Does anyone else have this problem?

My setup: FreeBSD 10-STABLE amd64, Nikon D610, darktable is latest version from the official packages, all options are default.


----------



## nakal (Feb 1, 2015)

No, but I have different kinds of problems here and there. Sometimes I cannot close darktable, yesterday I could not delete bad pictures, sometimes I cannot export pictures to JPEG. Darktable is not tested well on FreeBSD and it is also not the optimal platform, because it is very slow without the multiprocessing support, as implemented on Linux.


----------



## abishai (Feb 1, 2015)

Try to increase mipmap cache memory beyond sane limits.


----------



## tankist02 (Feb 4, 2015)

Increasing mipmap helped. But I agree with nakal - darktable is very very slow on FreeBSD. More than a minute to export one image.

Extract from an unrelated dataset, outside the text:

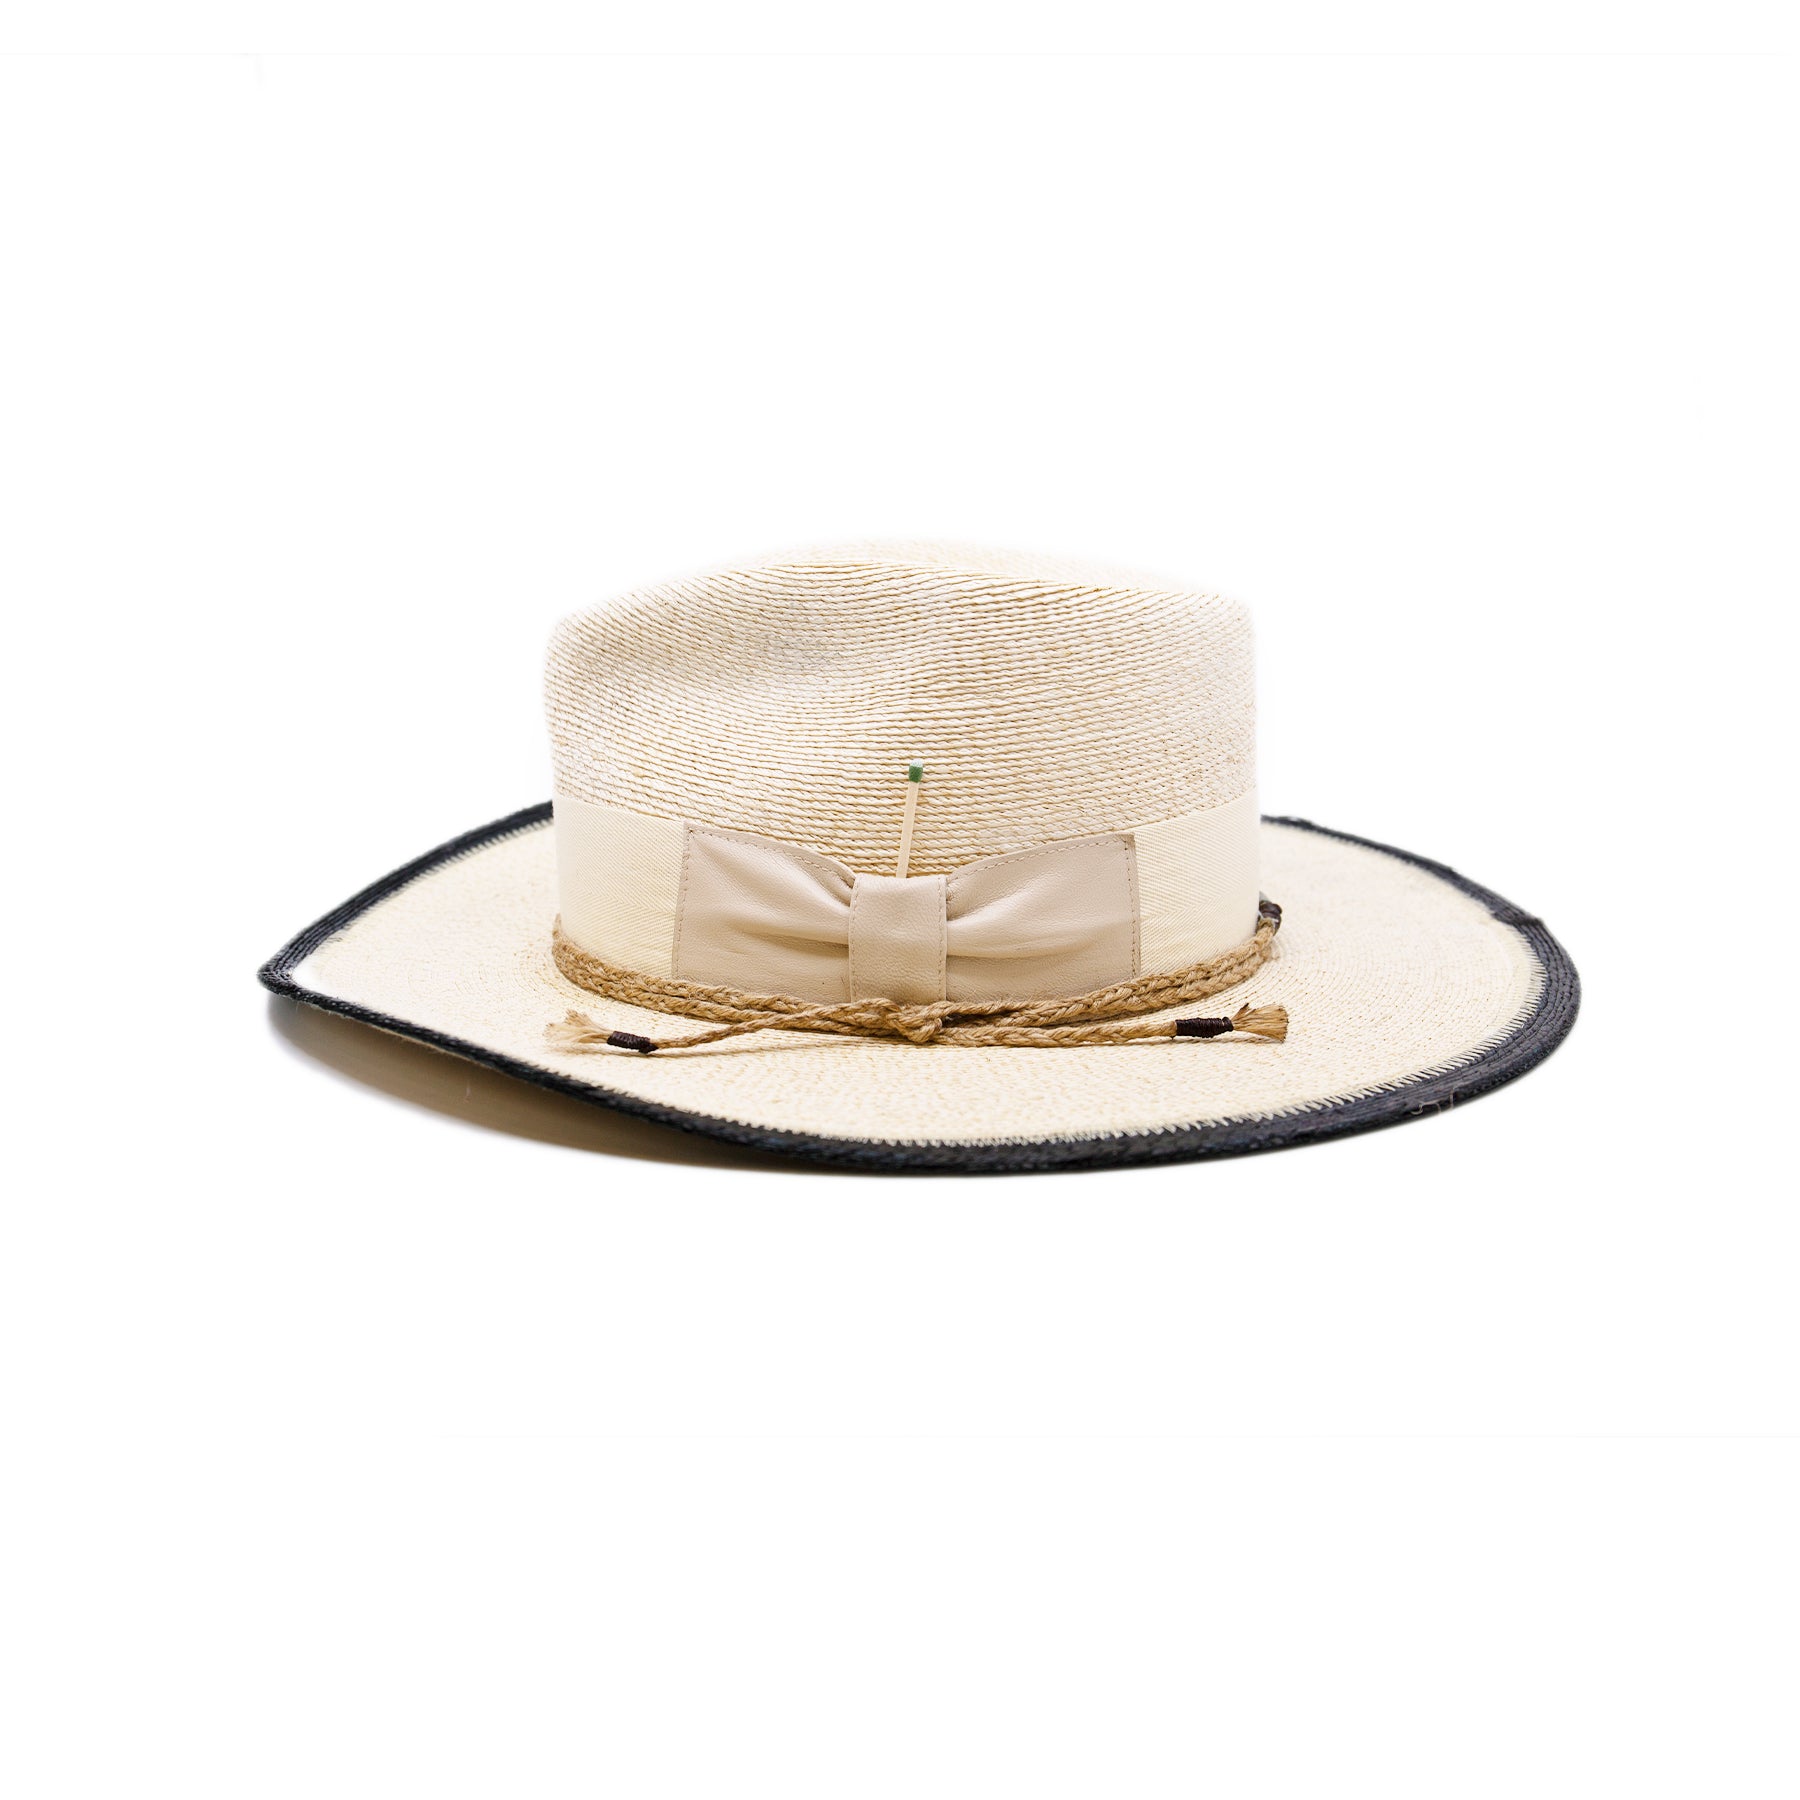 100% Mexican straw in Cream and Black  2" cream herringbone band and leather bow  Wrapped twine band  3 1/2"  Two-tone brim  Woven in Mexico  Subtle western flanged brim  Made in USA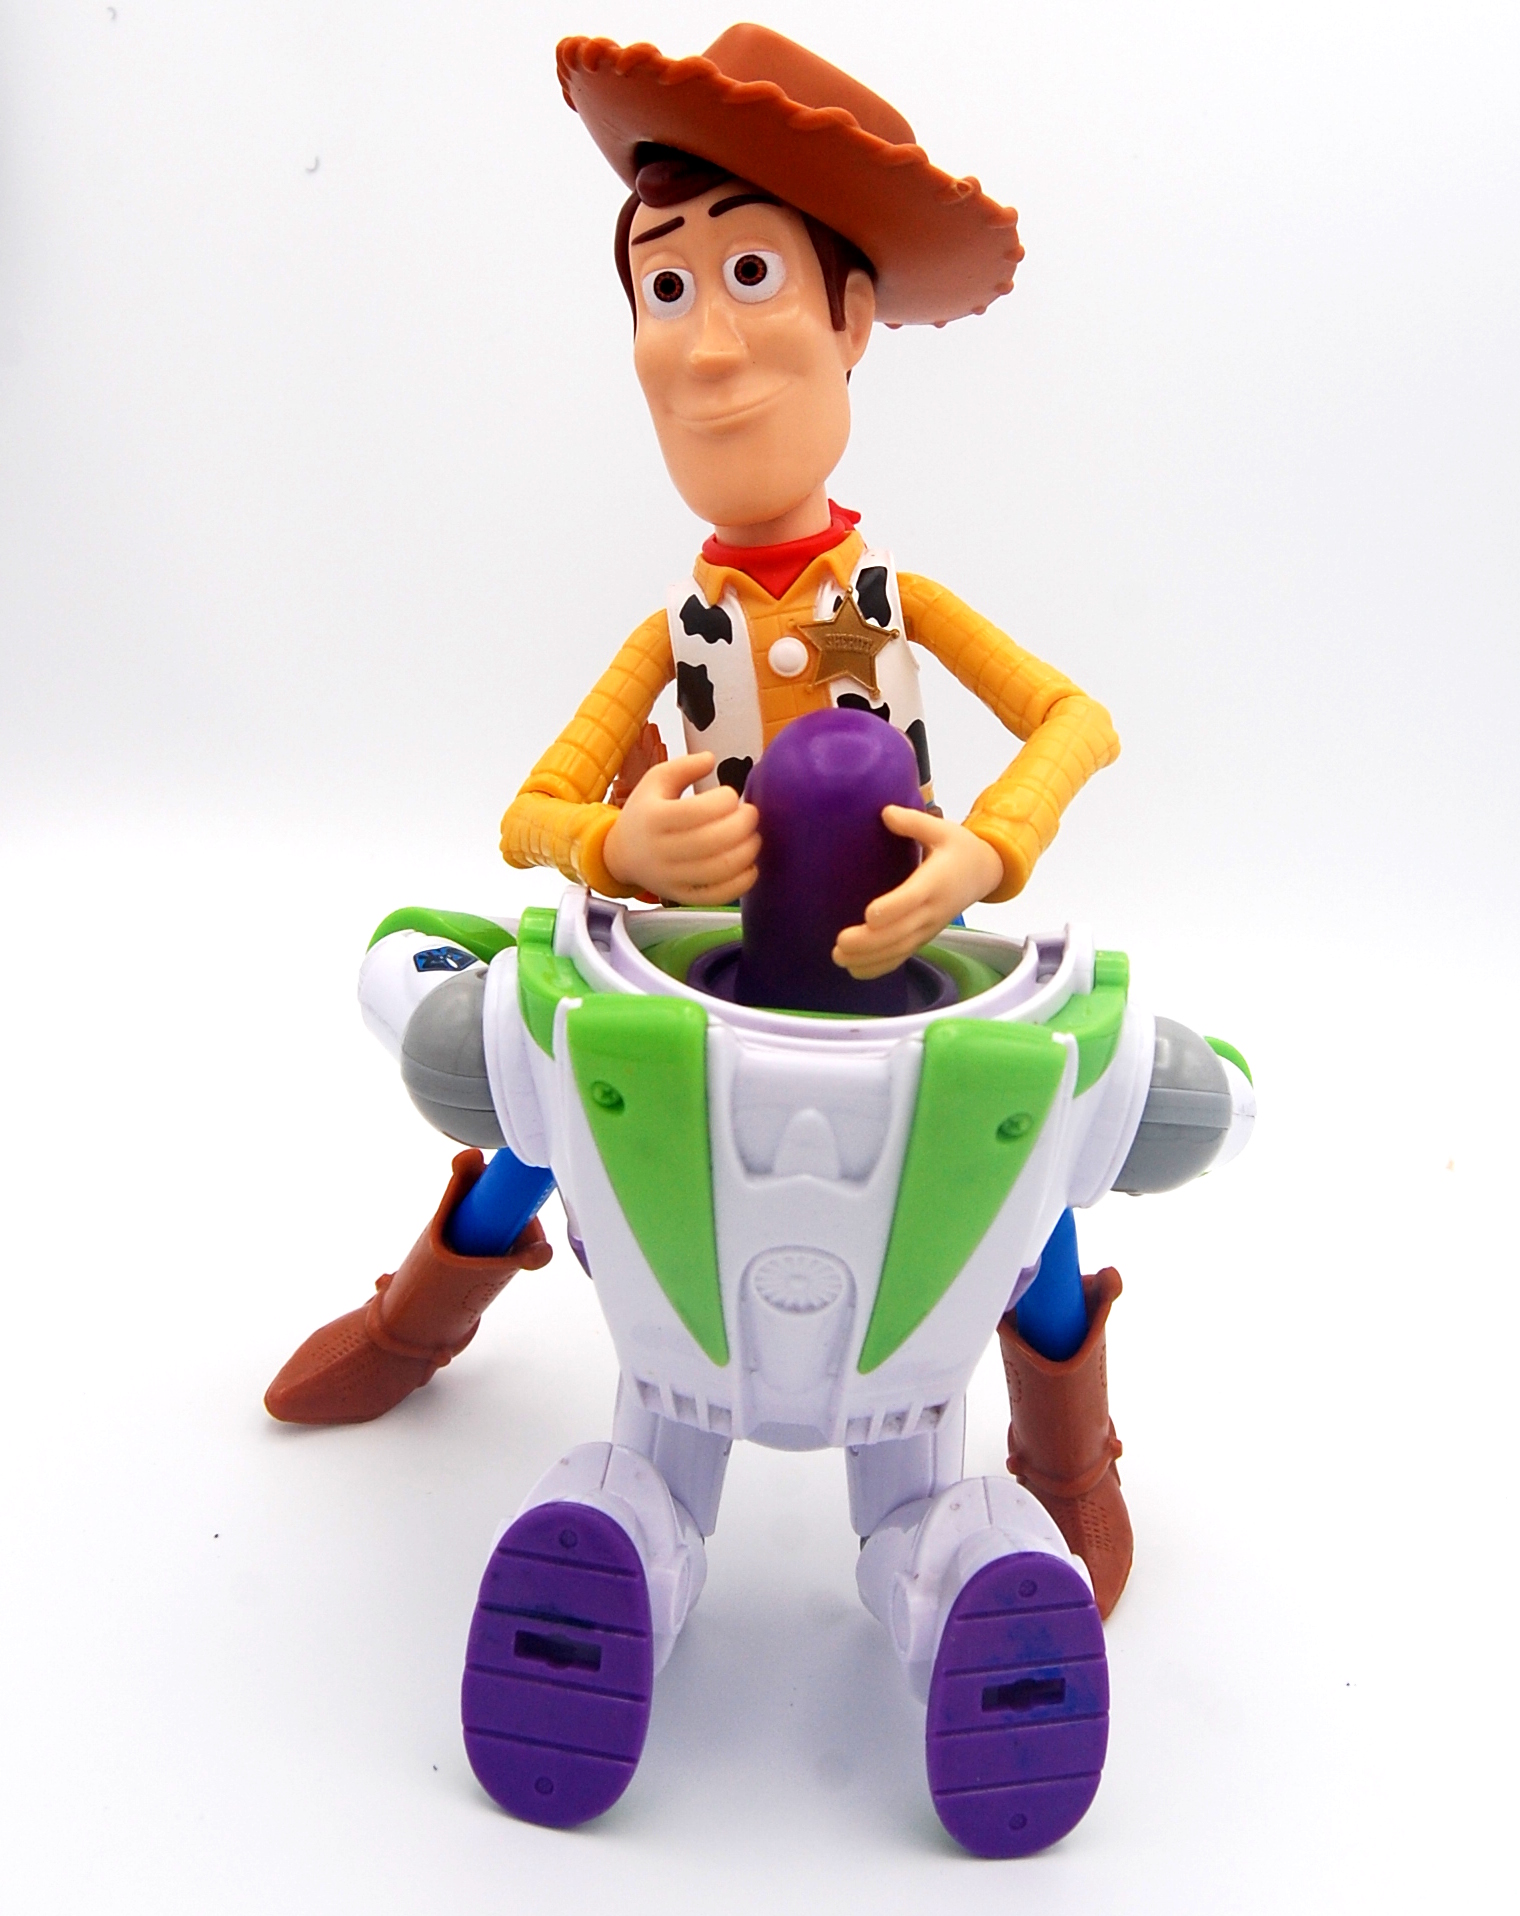 buzz giving woody a blowjob

Compared with a few seconds on Linux. On Linux all cores are used plus OpenCL is supported (I have NVidia card for that reason). I heard that OpenCL is coming to FreeBSD, but I am not sure about the timeline.


----------



## tankist02 (Mar 16, 2015)

I'm trying the latest version of darktable - 1.6.3. It works OK except very slow export (more than 5 minutes for one image). I have a 4-core machine and I set the number of background threads in the core options to 4. Still very slow and judging by the top only 1 core used during image export. Any advice on how to speed up darktable? BTW for comparison rawtherapee uses all coreas and is quite fast, but it doesn't produce as good output as darktable.


----------